* [Data supplied]:
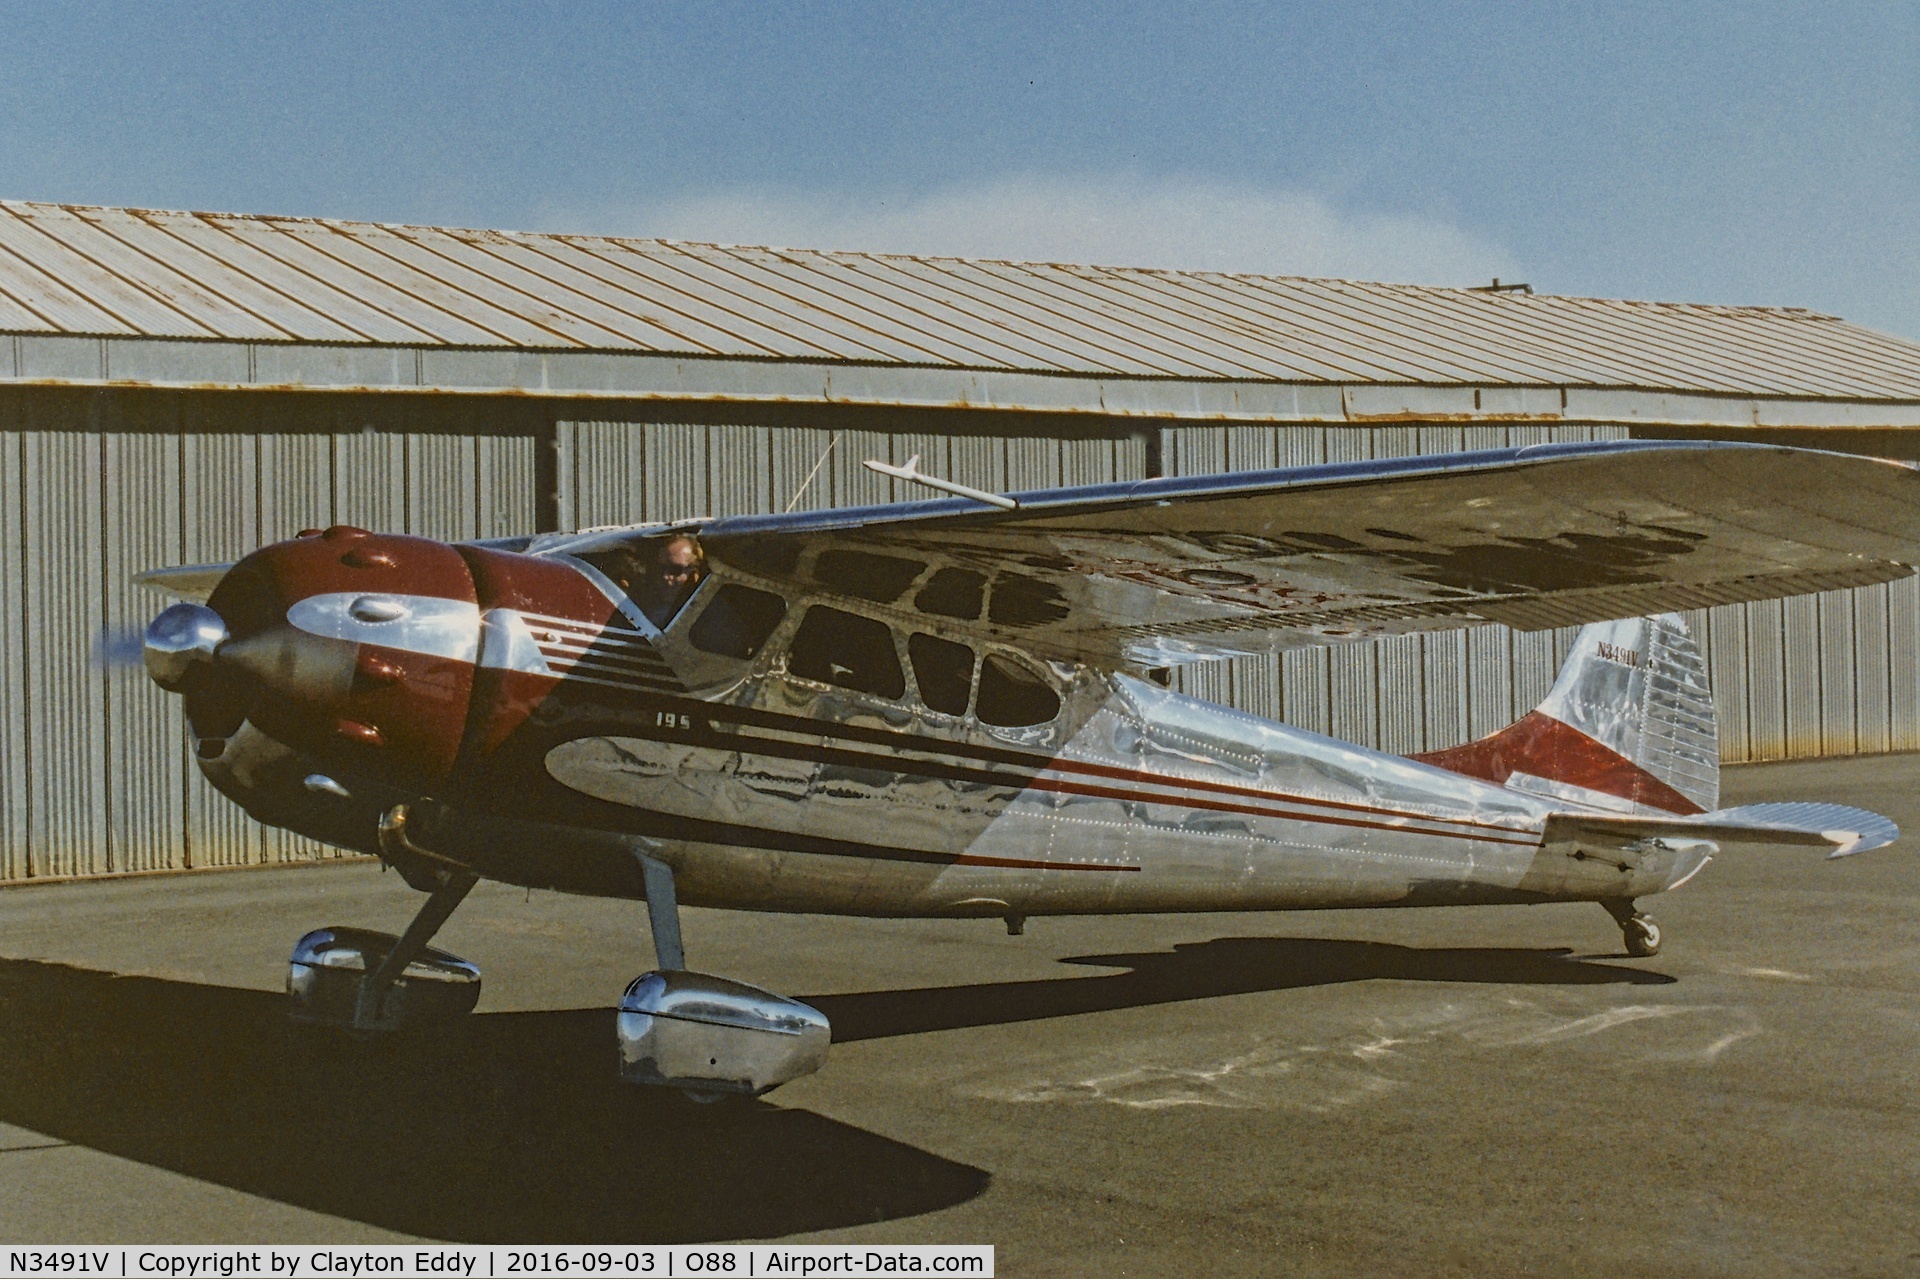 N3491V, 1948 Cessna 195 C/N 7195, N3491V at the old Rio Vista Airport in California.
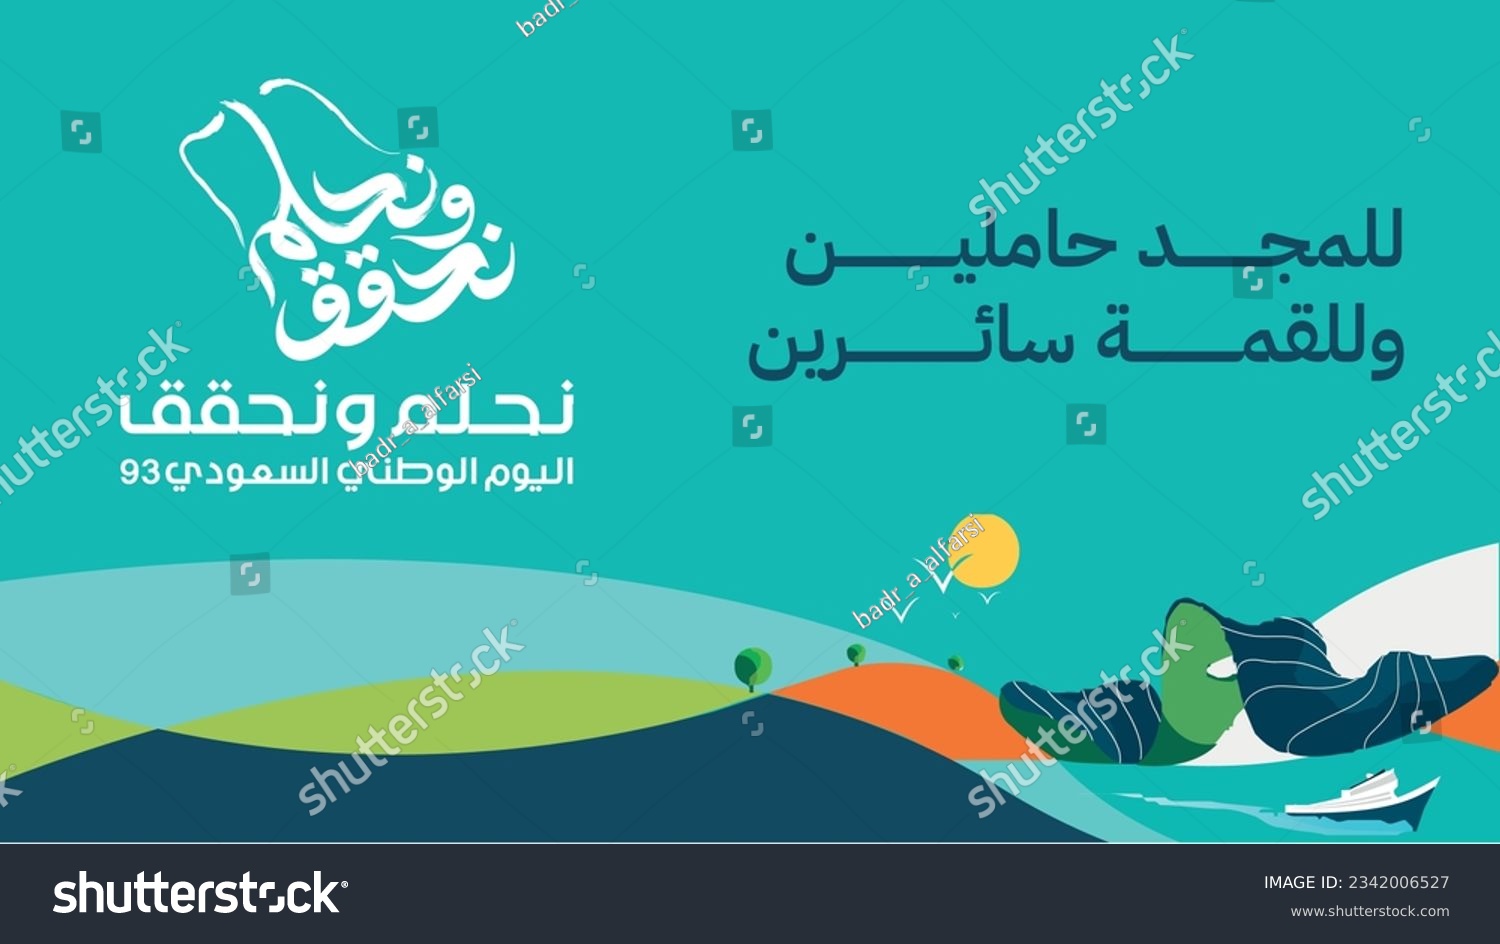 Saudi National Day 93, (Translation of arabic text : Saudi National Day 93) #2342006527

...

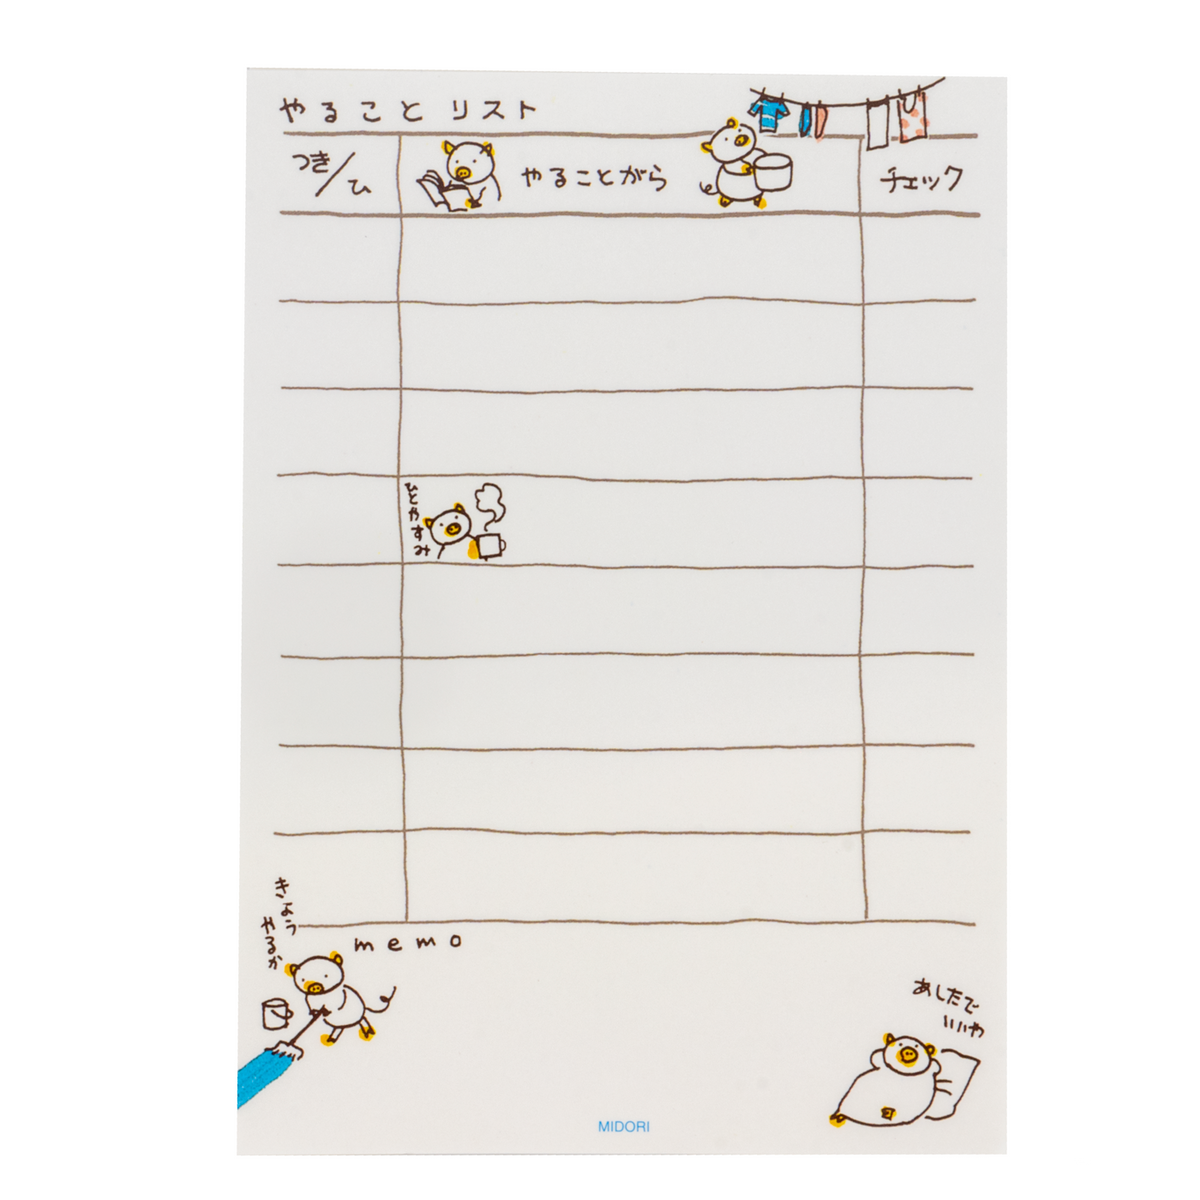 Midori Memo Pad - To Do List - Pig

==

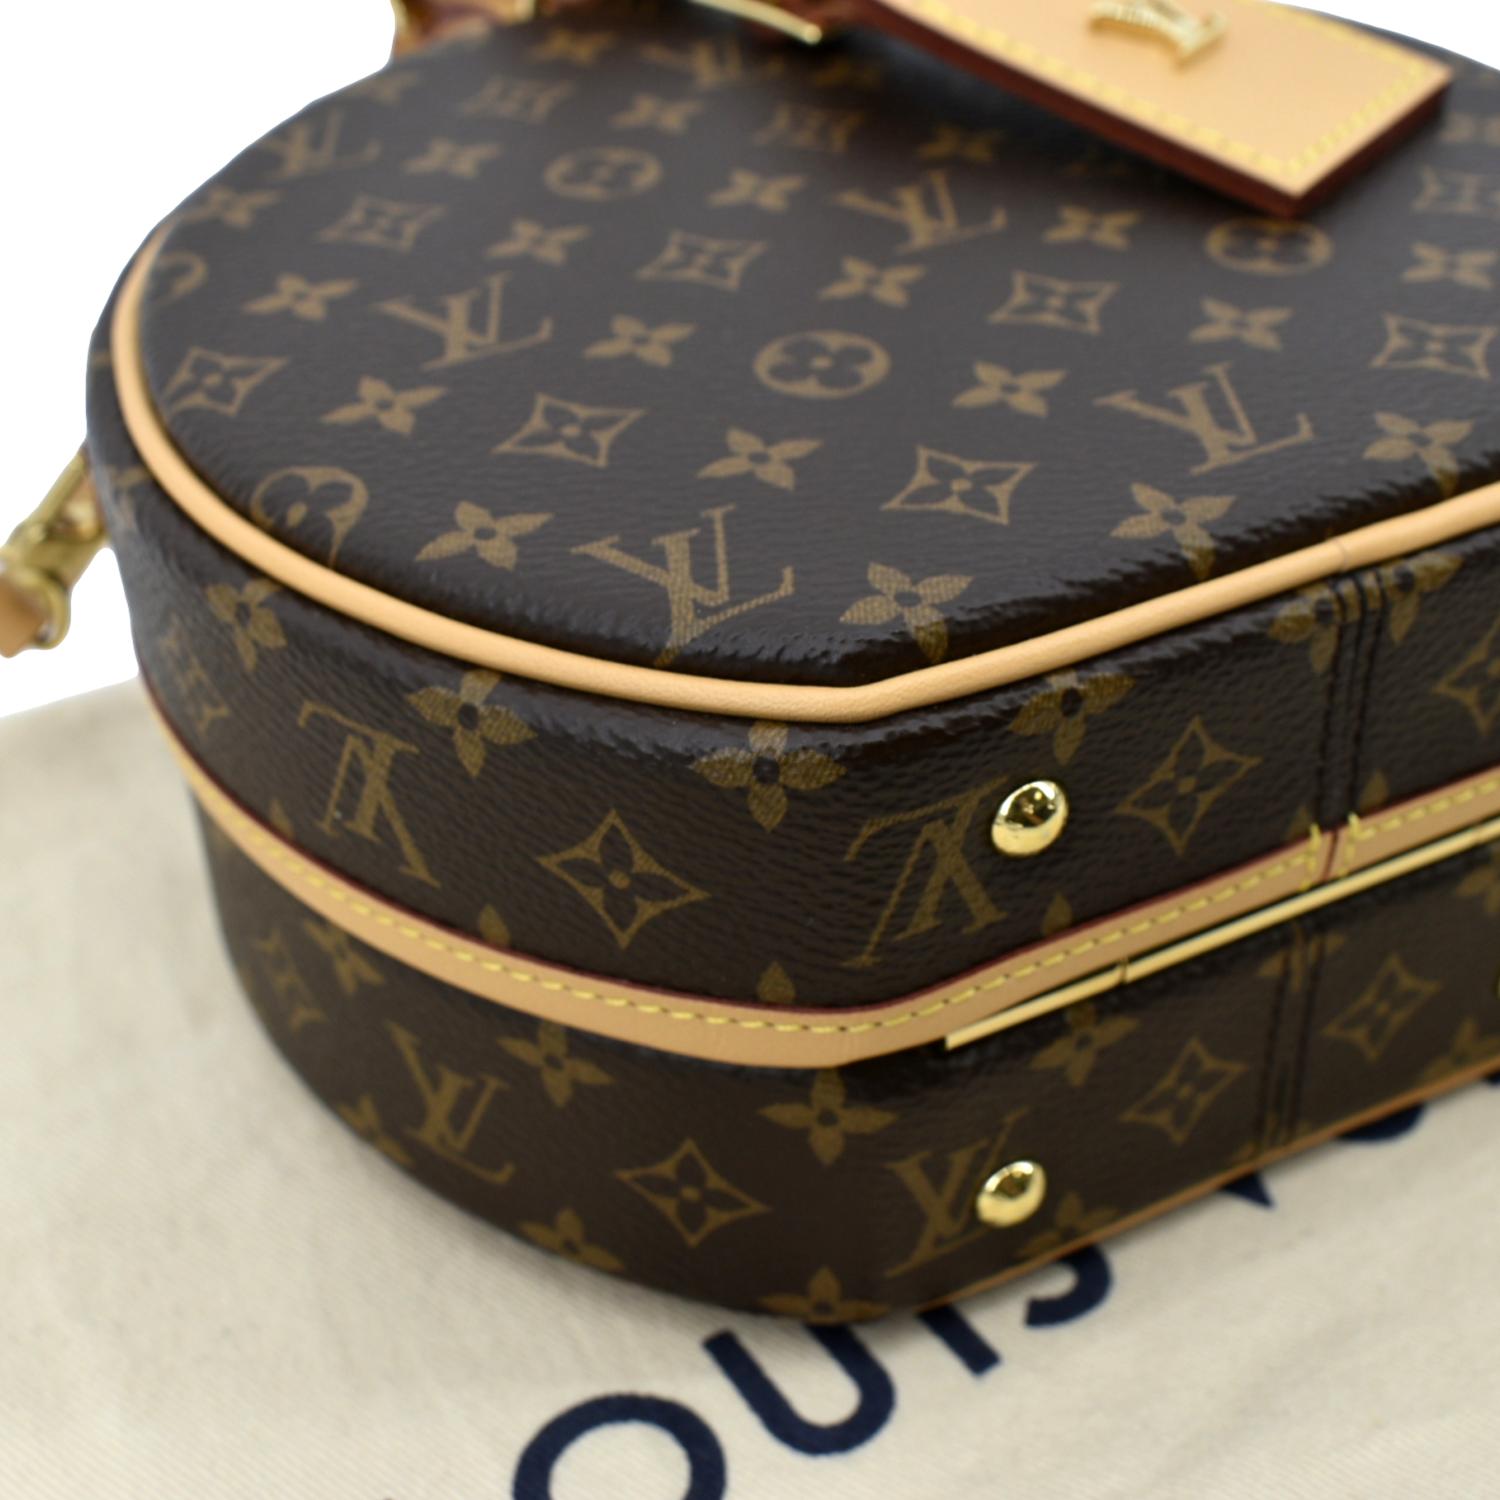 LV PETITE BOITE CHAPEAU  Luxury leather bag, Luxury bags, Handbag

* [Task item]:
Using the entries above, transcribe every line from the line containing "N3491V, 1948 Cessna" through the line containing "Saudi National Day 93, (Translation". Do not copy pictures.

* [Answer for this exercise]:
 N3491V, 1948 Cessna 195 C/N 7195, N3491V at the old Rio Vista Airport in California.
 Saudi National Day 93, (Translation of arabic text : Saudi National Day 93) #2342006527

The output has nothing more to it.